Nearly all Delphi applications we come across are Windows 32 bit client applications. There are a few ISAPI dll’s which drive websites and are built using Delphi, but these are in the minority and in most cases these would not convert at all well (because of their reliance on non-standard VCL components). Therefore one of the decisions that you will normally face when upgrading a Delphi application is whether a web based solution would suit better in the modern era. This is a particularly persuasive approach for most businesses as it eases deployment, makes remote and/or mobile access easier and modern browsers in conjunction with client side script allow a very rich user interface. So the question for a new development project is generally phrased the opposite way around, i.e. is there any compelling reason why the application cannot be web based?
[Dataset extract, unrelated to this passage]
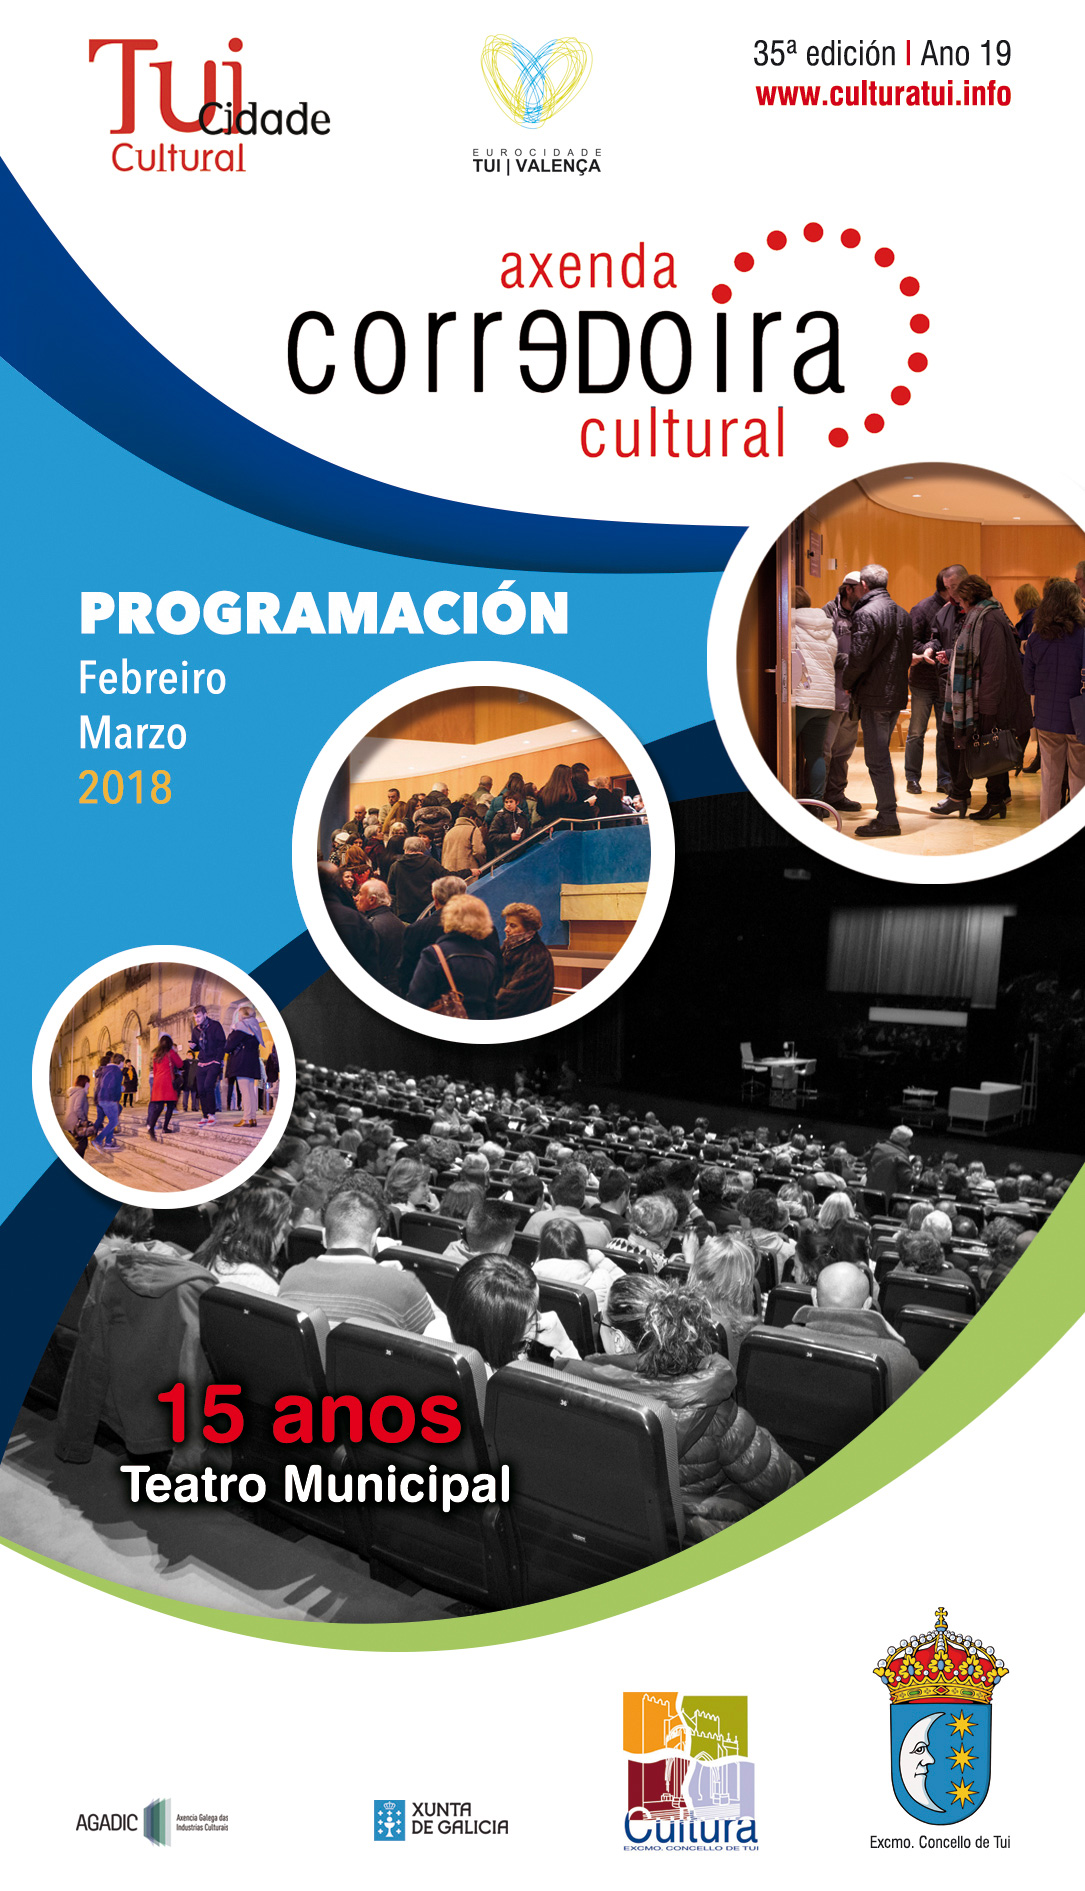 concello-de-tui-Corredoira-Cultural-1-2018-01

When to use code conversion

You may have gathered by now that code conversion is not something that we would generally advocate, the only scenario in which I can see a good case for it is where you have developed a complex process represented by a well-structured code algorithm which has minimal user intervention and stores application data exclusively in memory rather than using a database, e.g. a file processing service. In that context, there would be a potential benefit of using code conversion.